Personally I don't need $ignore_linear_space.
But I understand the situation.

For example, RFC2047 says that

| Subject: (a
|  =?ISO-8859-1?Q?b?=)

should be displayed as the following:

| Subject: (a
|  b)

But many Japanese MUAs insert spaces and a CRLF between alphabet-word
and kanjis because kanji becomes very long, and because RFC limits
header length. For example,

| Subject: (a <kanji>)

is encoded to

| Subject: (a
|          =?ISO-2022-JP?B?GyRCNEE7ehsoQgo=?=)

by such MUAs. We don't like this:

| Subject: you
|  are
|  annoyed
|  by
|  this
|  subject

This is what we feel from such bogus encoded headers
when $ignore_linear_white_space="no".

> If the other approach is really needed to deal with widespread
> breakage (I don't think it is), implement that, and implement it
> always.

You are generous.
Most Japanese users say "It is really needed!"

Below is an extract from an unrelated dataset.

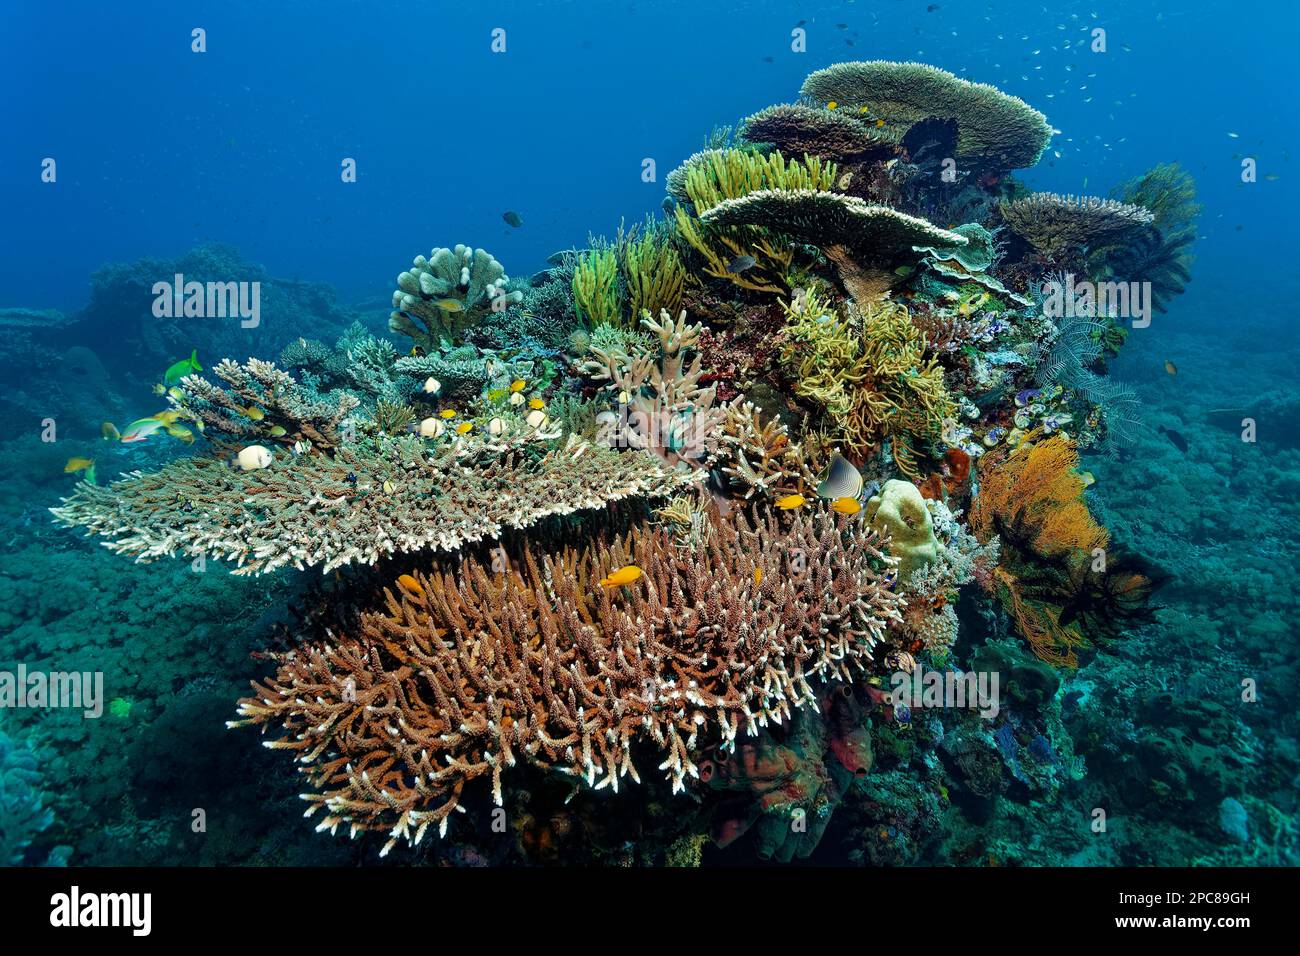 Coral (Comatulida) reef with various Acropora stony corals (Acroporidae), soft corals (Alcyonacea), on the right hair stars, and feather hydroid Stock Photo

> As an aside, the code used to implement this (in the instance around
> line 816 of rfc2047.c) looks like an incredibly convoluted and
> inefficient way of saying something like this:
(snip)

LWS code is not written by me. Takashi, please review it.

Well, safe_strdup can return NULL.
And I found a comment: "/* LWS doesn't end with CRLF */"
These _may_ be the reason, but I don't know what Takashi thought.

> The way in which this code iterates through AssumedCharset in
> convert_nonmime_string is clumsy at best.  (A better way to go
> through it would be to safe_strdup() the entire thing, use strtok on
> the copy, and then free the temporary buffer.)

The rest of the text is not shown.